If so can you provide some details (hinge arrangement etc) as I think this would solve my space problem in the workshop. 

Richard


----------



## rafezetter (1 Feb 2014)

you might be better off making your own table rather than rutlands or axi - they are simply MDF cores with melamine top and several people in the past have said they have had issues. For what they cost (£99 or so) you can get an offcut of kitchen worktop and make up a fence for it.

The design sounds straightforward though, and you might consider making the router table longer (maybe full length as you have the space) so that you can use it as a jointer for longer pieces.


----------



## RichD1 (1 Feb 2014)

Unfortunately I don't have the space that is why I'm considering a fold down dual machine workstation. As I said the side extensions for the mitre saw would be folded down when not in use.
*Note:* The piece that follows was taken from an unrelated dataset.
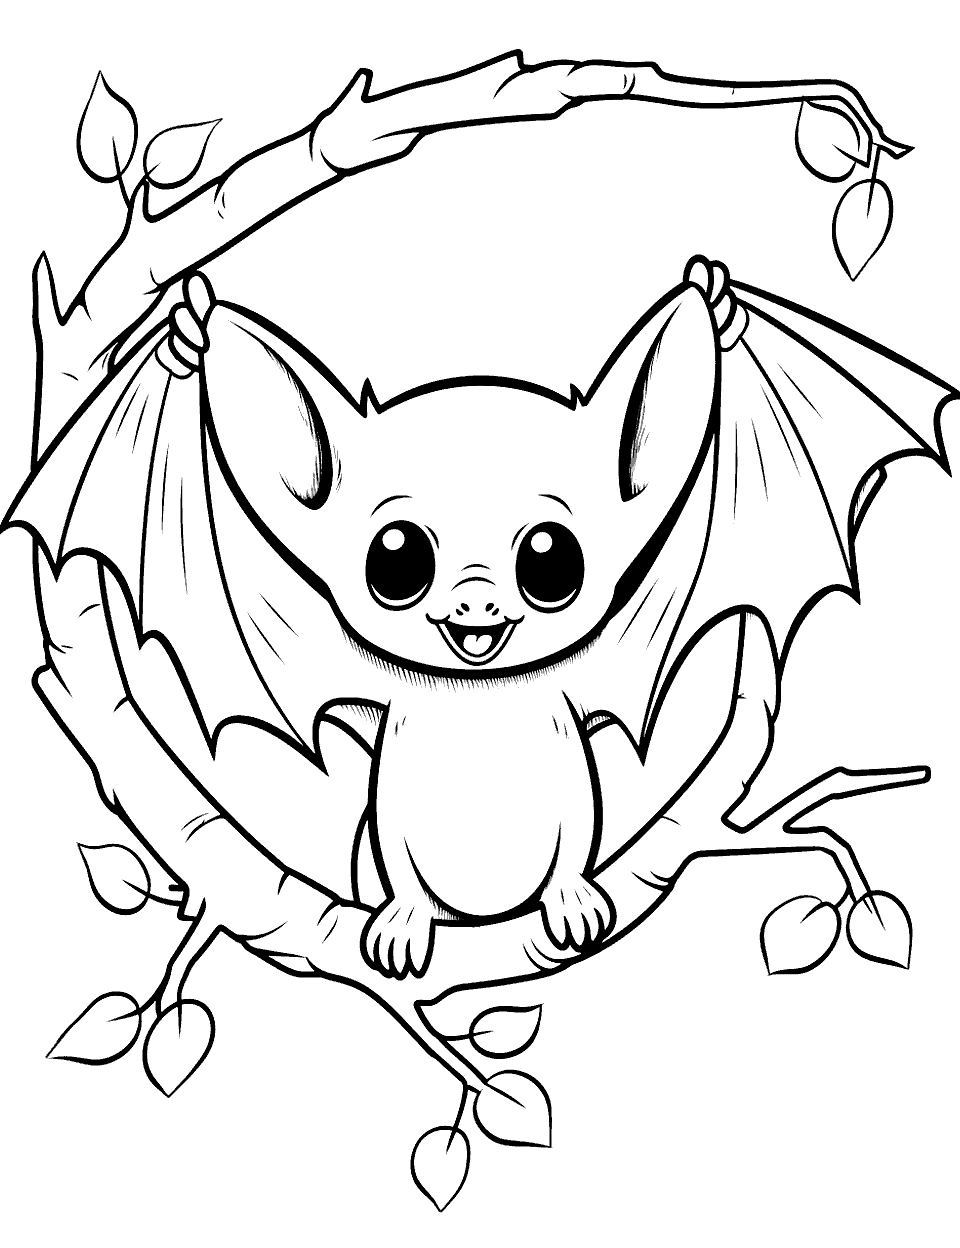 Cute Bat Hanging on a Tree Coloring Page - A small, adorable bat with big eyes sitting on a tree branch.

I have looked at building my own table but when you price up all the bits like the insert, the T slot channel, dust nozzles, handle fixings etc you are nearly up to the Dakota top available from Rutlands.
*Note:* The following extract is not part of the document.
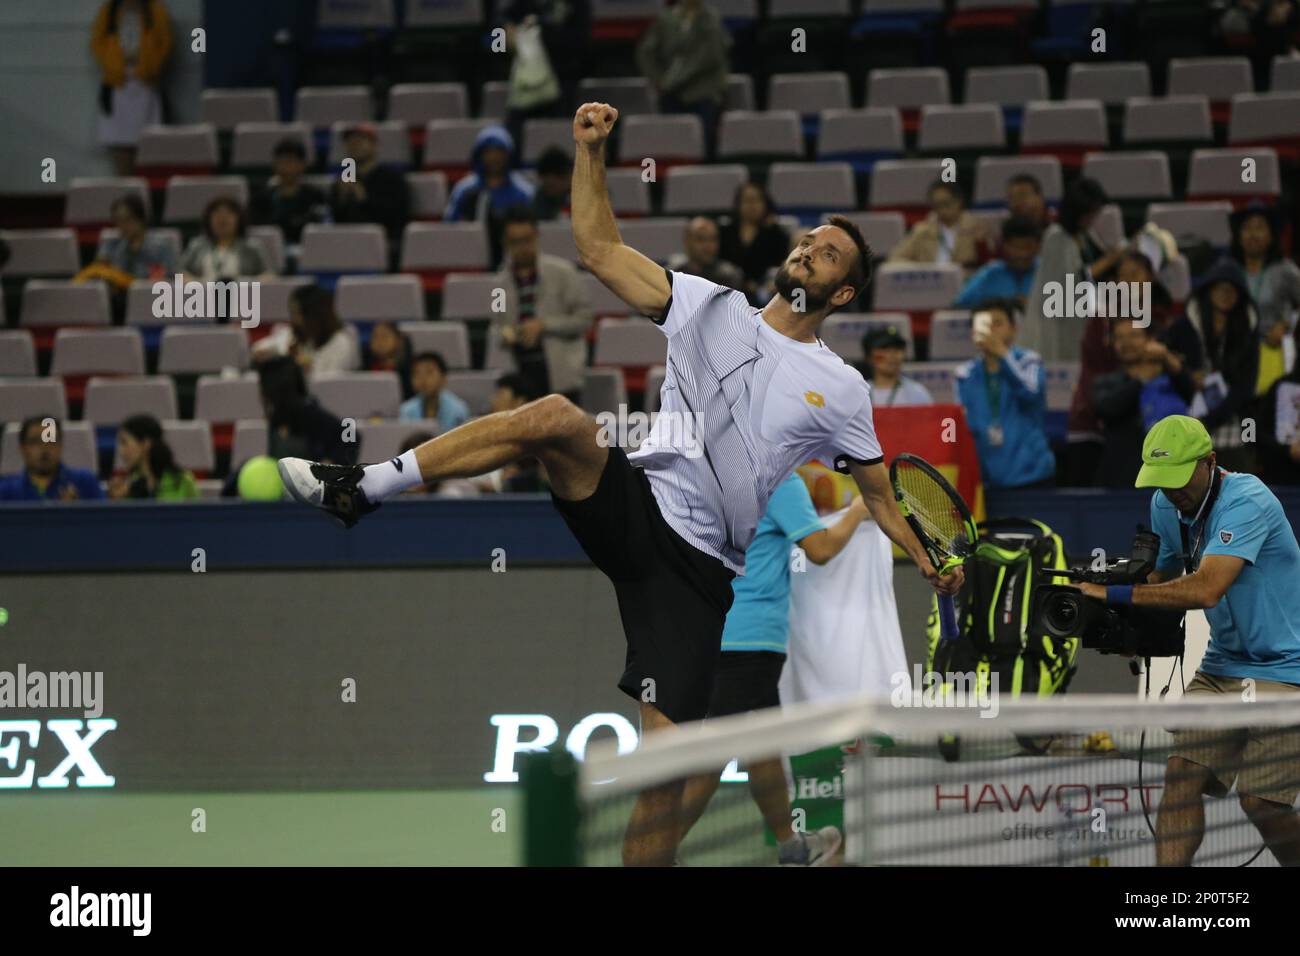 Viktor Troicki of Serbia celebrates after defeating Rafael Nadal of Spain in their mens singles second round match during the 2016 Shanghai Rolex Masters tennis tournament in Shanghai, China, 12 October 2016.Fourth

At the moment I'm more interested in a suitable method of hingeing the router top so that it is stable enough to be used with big cutters.

Richard


----------



## carlb40 (1 Feb 2014)

How about something like this?
mitre-saw-station-wip-t74540.html

I wonder if the router table could be integrated to a side extension and kill 2 birds with one stone


----------



## Howie (2 Feb 2014)

Hi Richard
These brackets from Screwfix (also available from other good ironmongery suppliers) are possibly suitable for your needs. They lift up and lock and are rated at 200kgs per bracket. I have used them in the past to solve similar space problems in my small workshop.
http://www.screwfix.com/p/adjustable-fo ... of-2/56422
Have you considered how to ensure the router table will be stable when in use? I am imagining it being cantilevered out the back of the mitre saw station and it all being liable to tip. Perhaps you would require a fold out leg for the router table to keep it steady in which case maybe simple butt hinges and two folding legs will work better.
Good luck, I am always interested in members trying to find practical ways to save space.
Howie


----------



## RichD1 (3 Feb 2014)

Thanks Carl, that is along the lines that I'm thinking of.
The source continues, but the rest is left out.